Fri Jan 17 13:30:54 PST 2014

On Fri, Jan 17, 2014 at 06:09:43PM +0100, Jasper Neumann wrote:
> > (2) Use the CHM algorithm to produce an order preserving
> > hash function. If the backend supports two relocations on
> > the same address (one positive, one negative) OR the jump
> > table can be expressed as relative expressions, this has the
> > nice advantage of requiring only one additional memory
> > access.
> 
> I had also considered CHM. This is a method which can easily deal
> with really huge label sets since its runtime is O(n), and produces
> a quite small auxiliary table.
> However CHM produces a hash function that needs 2 table accesses
> whereas Jenkins' needs only one.
> CHM: h(x) = (table[h1(x)]+table[h2(x)]) mod size
> Jenkins: h(x) = h1(x) ^ table[h2(x)]
> This means that code generated with Jenkins' method ought to be a
> bit faster.

For out-of-order CPUs is unlikely to make a difference.
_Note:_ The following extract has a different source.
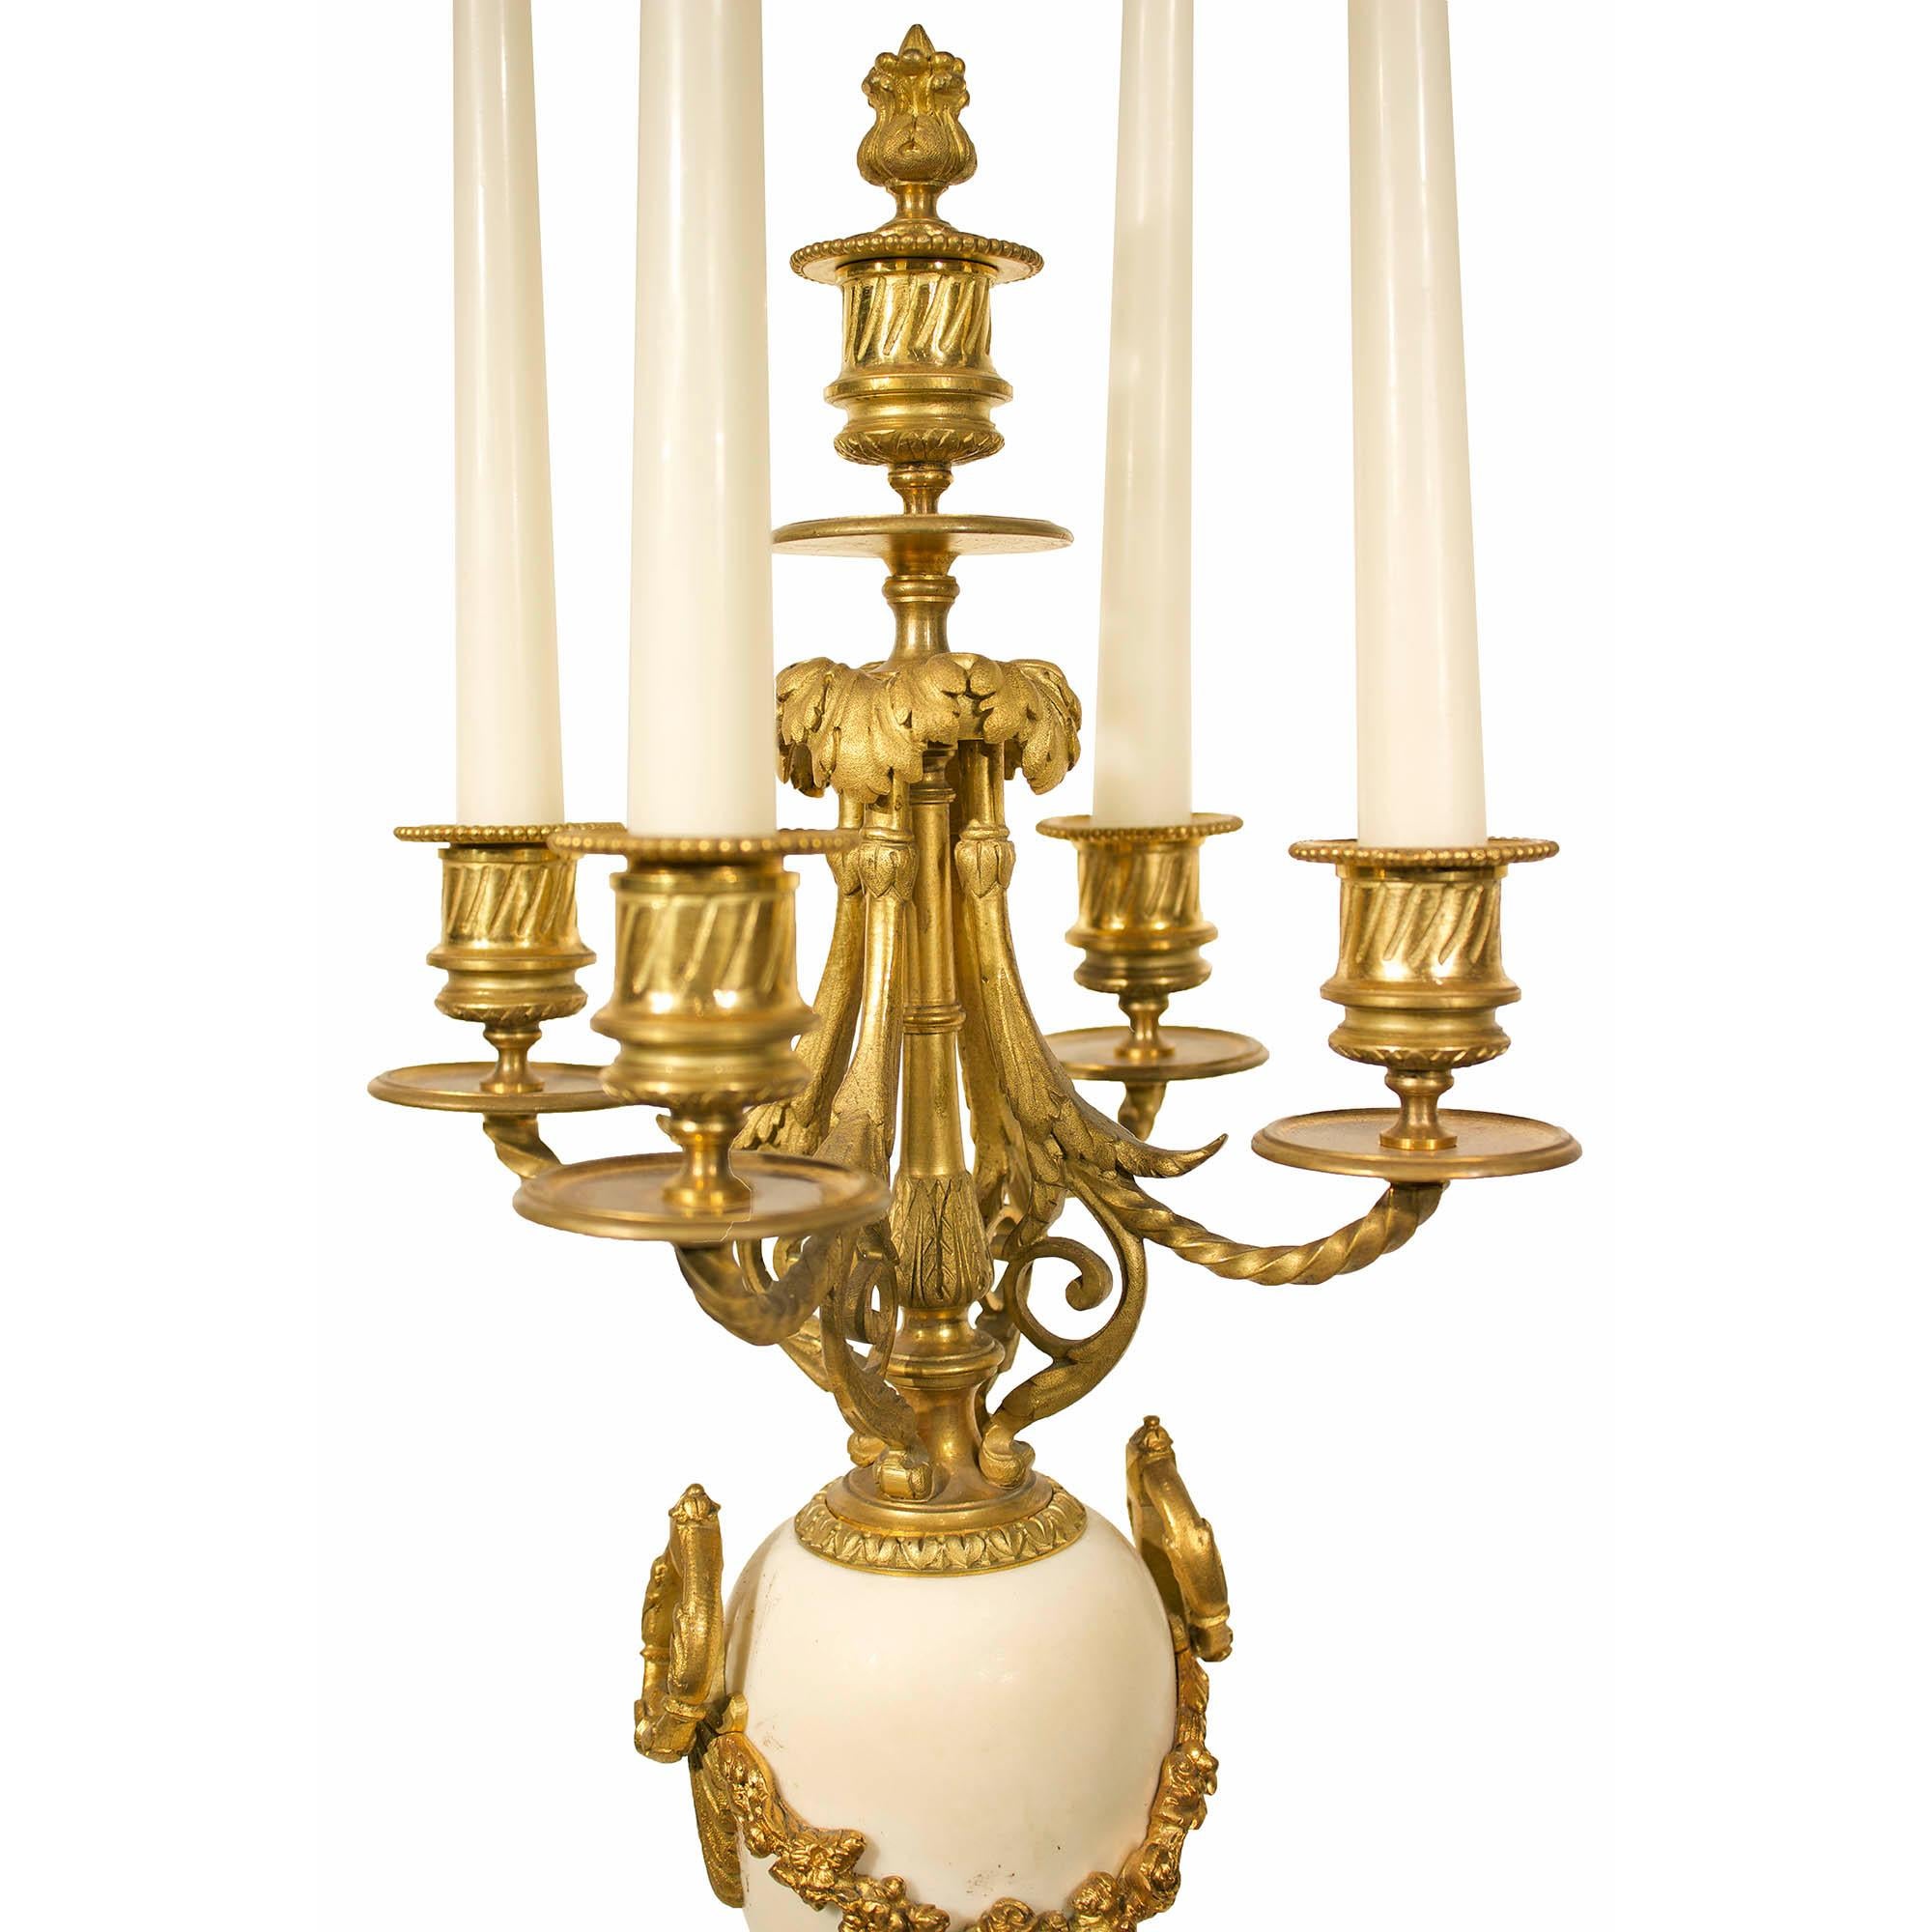 Pair of French Mid-19th Century Louis XVI Style Marble and Ormolu Candelabras For Sale 1

> I admit that Jenkins' method will probably take much longer to
> evaluate the auxiliary table but since we have to deal with only
> moderately large label sets (usually well below 1000 labels) this
> should be acceptable. Our goal is not to speed up the compiler at
> all means but to let it produce better code.

The main problem is that the missing degree of freedom makes the
algorithm not scale. Consider for a moment the problem of not finding a
construction in reasonable time.  Now imagine this happens because
someone just aded one more label to the switch. The huge problem of
gperf, Jenkin's and similar implementation is that they don't scale well
beyond a few dozen items -- it might work or it might not. That's a
serious limitation for a tool like a compiler, especially when dealing
with a changing code base.

Joerg